Results: We identified 33 orthopedic studies, including 21 primary studies and 12 reviews. Study quality was generally low to moderate. Six of the included studies had a control group and 15 were noncontrolled studies. Methodologies, drugs and protocols of administration varied greatly across studies. Study conclusions were generally positive in noncontrolled studies and mixed in controlled studies. Studies using higher doses tended to conclude that cannabis use was effective, but the potential for harmful effects may also be increased with higher doses.
Conclusion: Variability in the methodologies used in cannabis research makes it challenging to draw conclusions about dosing, routes and frequency of administration. Most of the existing evidence suggests that medical cannabis use is effective, but this efficacy has been demonstrated only when either there is no comparator or cannabis is compared with placebo. Studies using an active comparator have not demonstrated efficacy. Future research should focus on improving study reporting and methodologic quality so that protocols that optimize pain control while minimizing harmful effects can be determined.
Medical cannabis is an emerging topic of interest in the field of orthopedics.

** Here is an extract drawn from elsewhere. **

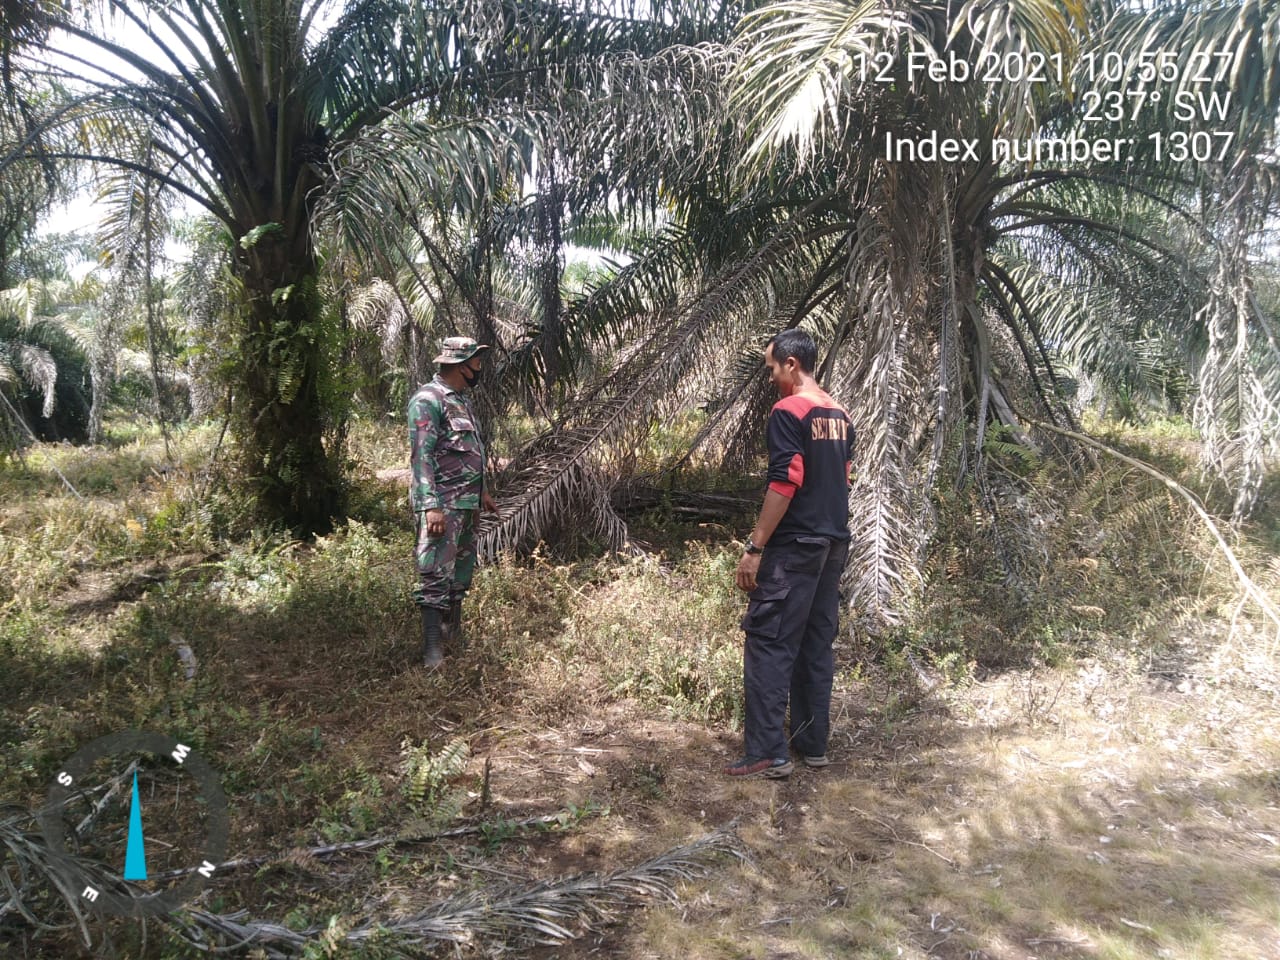 Kopda Saiful Ajak Warga Peduli dan Tidak Membakar Hutan Sembarangan

Given the recent focus on the dangers of opioids1,2 and the trend toward legalizing medical and recreational cannabis use in Canada and some American states,3 there is a need for safe strategies to manage pain in orthopedic conditions. Osteoarthritis pain affects 27 million people in the United States,4 back pain affects one-quarter of Americans5 and up to 40% of the pain of patients with chronic pain originated from trauma or surgery.6 The pain of patients with orthopedic conditions can be complicated and difficult to treat because it can be chronic and/or acute, nociceptive, inflammatory and/or neuropathic. As populations age internationally, there is concern that the burden of pain related to orthopedic conditions will increase7 and therefore there will be an increased need for alternative and adjuvant strategies to manage pain associated with orthopedic conditions. Medical cannabis use has been hypothesized as a possible solution both to help control pain and to reduce opioid use.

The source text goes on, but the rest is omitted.